Teaching people to eat crawfish is a hoot, says Kim Tovrea.
“You just give their tails a twist, and when you get to that pinch point, just give them a pull. It’s pretty easy for most people to get the knack of how to get to the meat, but it’s always fun to watch them do it,” says the former New Orleans resident.
Tovrea will likely teach more than a few first-timers how to pinch, peel and eat the freshwater crustaceans at Friday’s Great Cajun Crawfish Boil. The event, held at Kiwanis Park in Tempe, is hosted by the Cajun Cactus Foundation, a group of mostly native Louisianans who now live in Arizona.
About 3,000 pounds of live crawfish will be flown in from The Pelican State for the traditional Louisiana crawfish boil, where crawfish are boiled in water seasoned with onions, lemon halves, red pepper and salt. Often, small red potatoes, sweet corn, onions and other vegetables are boiled and eaten along with the crawfish.
Additional dishes will be provided by Valley Cajun restaurants.
“It’s a real good representation of what you might find at a backyard crawfish boil in New Orleans, where everybody brings a potluck dish,” says Tovrea, president of the nonprofit foundation.
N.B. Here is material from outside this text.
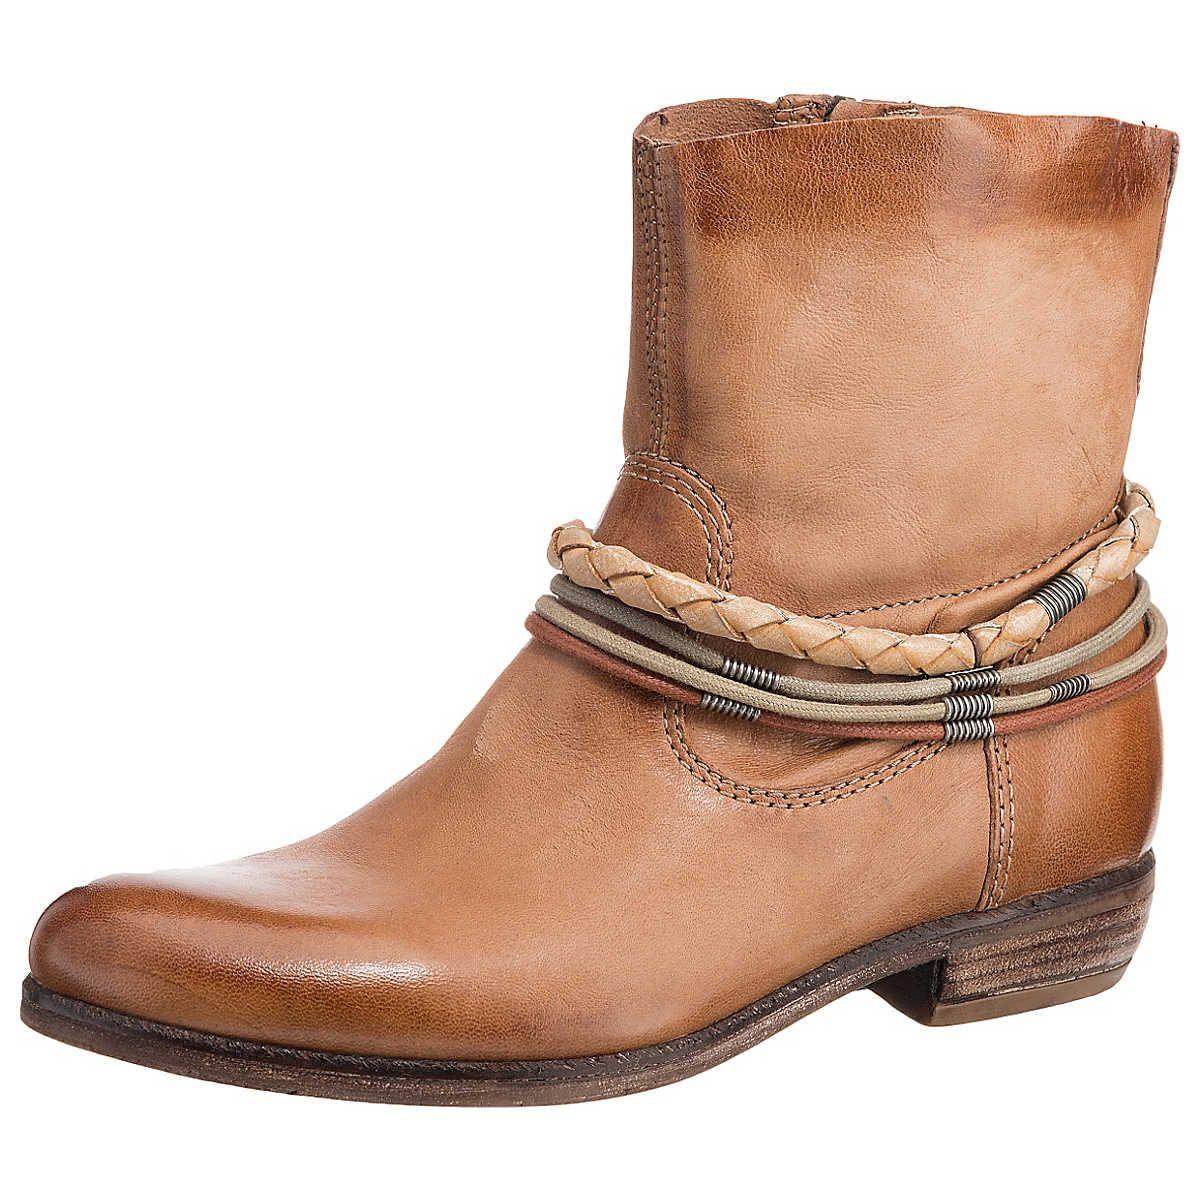 Mjus Boots Und StiefelettenHerbst Winter FashionShoes nwPOk80X

Also on the menu (and included in the ticket price) are: boiled shrimp, fried pickles, green olive coleslaw, Creole potato salad, dirty rice, red beans and rice, smoked sausage, hot links, macaroni and cheese, cobbler, bread pudding and “snoballs,” a New Orleans riff on the snow cone.
The event will offer picnic-table seating and dancing to Cajun and Zydeco music from two deejays with Louisiana roots. Families are encouraged to bring horseshoes, sports balls and other amusements.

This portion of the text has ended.